Aris Water CFO reports 137,050-share disposition amid merger terms
Rhea-AI Filing Summary
Aris Water Solutions (ARIS) Form 4: The CFO reported the disposition of 137,050 shares of Class A common stock on 10/15/2025 at the Effective Time of the merger with Western Midstream Partners, LP. After these transactions, his reported holdings were 0 shares.
Under the merger terms, each share converted into the elected consideration: $7.00 plus 0.450 Parent common units, $25.00 in cash, or 0.625 Parent common units. Time‑vesting RSUs covering 102,592 shares were paid in cash at $25.00 per share (plus accrued cash‑based dividend equivalents). Performance‑based RSUs were also cashed out at $25.00 per share based on the applicable performance determination.
Positive
- None.
Negative
- None.
Insights
Administrative Form 4 reflecting merger consideration; neutral impact.

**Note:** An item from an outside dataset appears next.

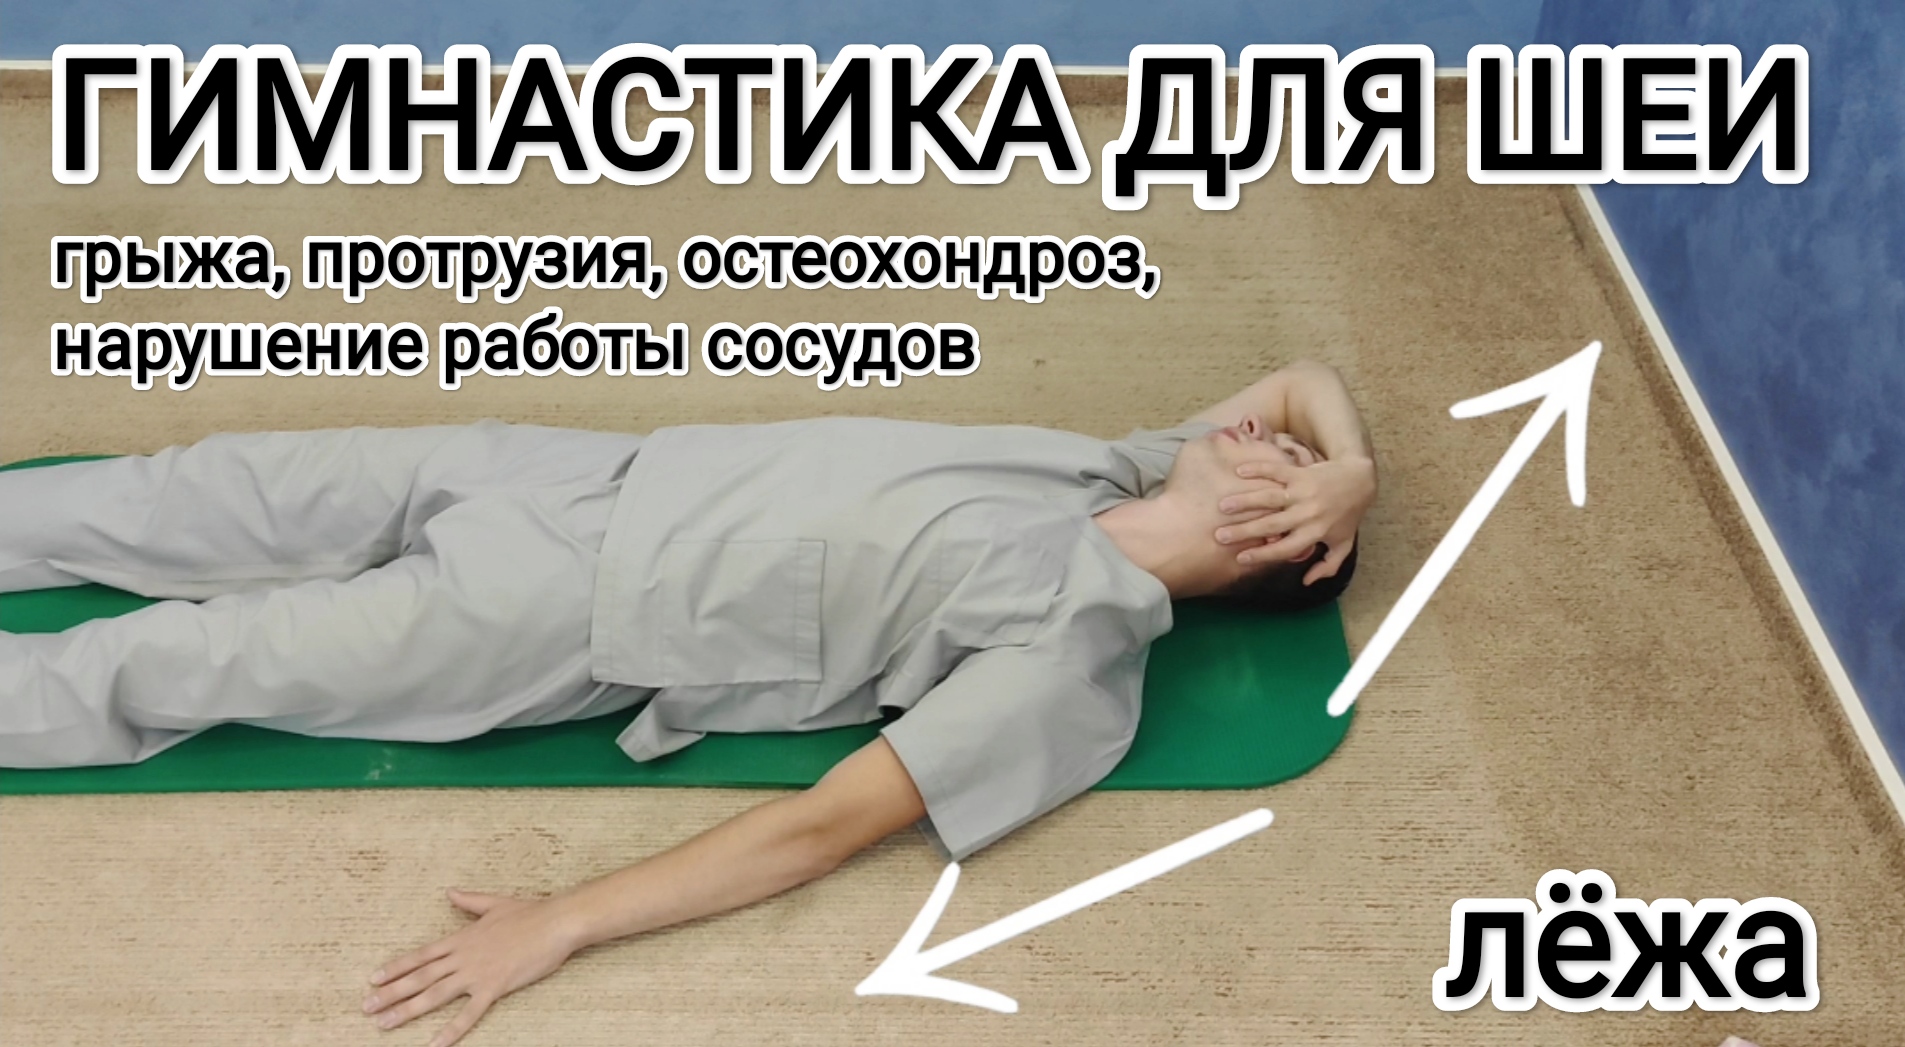 Видео упражнения для позвоночника шее. Гимнастика Григория Игнатьева. Грыжа шеи упражнения.

This filing records the CFO’s equity conversion at the merger’s Effective Time. It lists the consideration alternatives per share—cash, units, or a mix—and shows his post‑transaction holding as zero shares, consistent with a closing event.

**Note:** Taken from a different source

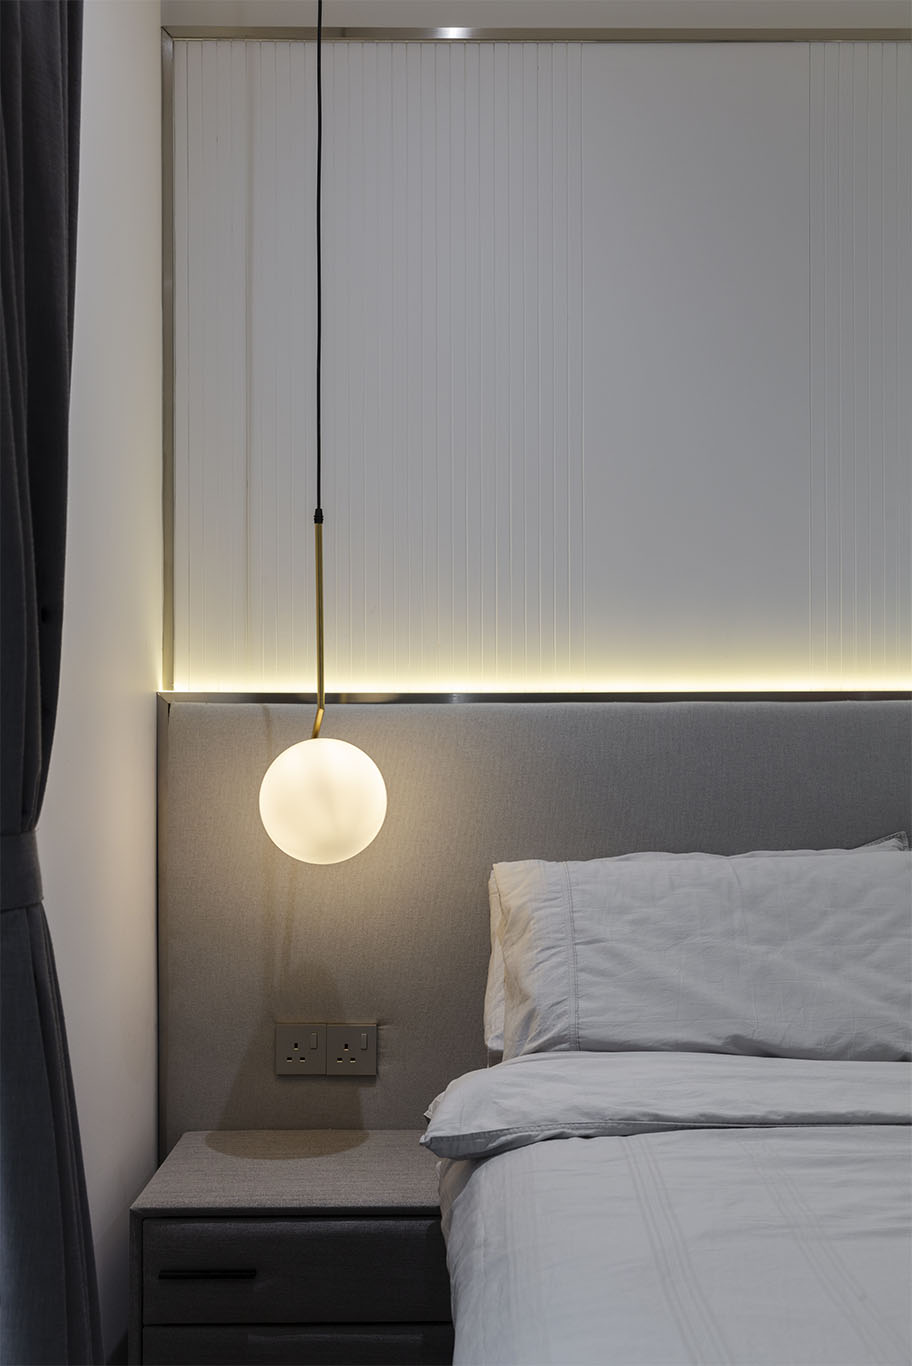 MIEUX La Famillie De Lee grey color bed frame with hidden light behind bed frame 2 mieux interior design

Equity awards were settled in cash: time‑based RSUs for 102,592 shares at $25 each plus accrued dividend equivalents, and PSUs at $25 each subject to the performance determination described. This is standard treatment on a change‑of‑control and does not alter issuer cash flows.
The filing confirms mechanics already embedded in the merger terms; any trading in Parent units or further details, if any, would come from subsequent disclosures, not this Form 4.
Insider Trade Summary
| Type | Security | Shares | Price | Value |
|---|---|---|---|---|
| Disposition | Performance-Based Restricted Stock Units | 62,022 | $0.00 | -- |
| Disposition | Performance-Based Restricted Stock Units | 86,780 | $0.00 | -- |
| Disposition | Performance-Based Restricted Stock Units | 28,620 | $0.00 | -- |
| Disposition | Class A Common Stock | 137,050 | $0.00 | -- |
Footnotes (1)
- As of the effective time (the "Effective Time") of the transactions contemplated by the Agreement and Plan of Merger entered into on August 6, 2025, by and among the Issuer, Western Midstream Partners, LP ("Parent"), Arrakis OpCo Merger Sub LLC, Arrakis Holdings Inc., Arrakis Unit Merger Sub LLC, Arrakis Cash Merger Sub LLC and Aris Water Holdings, LLC, each issued and outstanding share of the Issuer's Class A common stock, par value $0.01 per share ("Issuer Class A Common Stock") held by the Reporting Person as of immediately prior to the Effective Time, was converted into the right to receive, pursuant to an election made by the Reporting Person, one of the following forms of consideration: cont'd from Footnote 1: (i) $7.00 in cash (without interest) and 0.450 common units representing limited partnership interests in Parent ("Parent Common Units"); (ii) $25.00 in cash (without interest); (iii) 0.625 Parent Common Units ("Common Unit Election Consideration"), or (iv) in the event of the Reporting Person's failure to timely deliver an election, the Common Unit Election Consideration. This amount includes 102,592 shares of Issuer Class A Common Stock subject to awards of time-vesting restricted stock units ("Issuer RSU Awards") held by the Reporting Person. At the Effective Time, each Issuer RSU Award was converted into the right to receive an amount in cash equal to (i) the total number of shares of Issuer Class A Common Stock subject to such Issuer RSU Award, multiplied by (ii) $25.00, plus an additional amount in cash equal to any accrued but unpaid cash-based dividend equivalents. At the Effective Time, each outstanding award of performance-vesting restricted stock units ("Issuer PSU Awards") held by the Reporting Person as of immediately prior to the Effective Time was converted into the right to receive an amount in cash equal to (i) the total number of shares of Issuer Class A Common Stock subject to such Aris PSU Award (assuming that any performance-based vesting conditions applicable to such Issuer PSU Award were achieved at the greater of (x) the target level of performance and (y) the greater of the actual level of performance through (1) August 13, 2025, and (2) the Effective Time), multiplied by (ii) $25.00, plus an additional amount in cash equal to any accrued but unpaid dividend equivalents.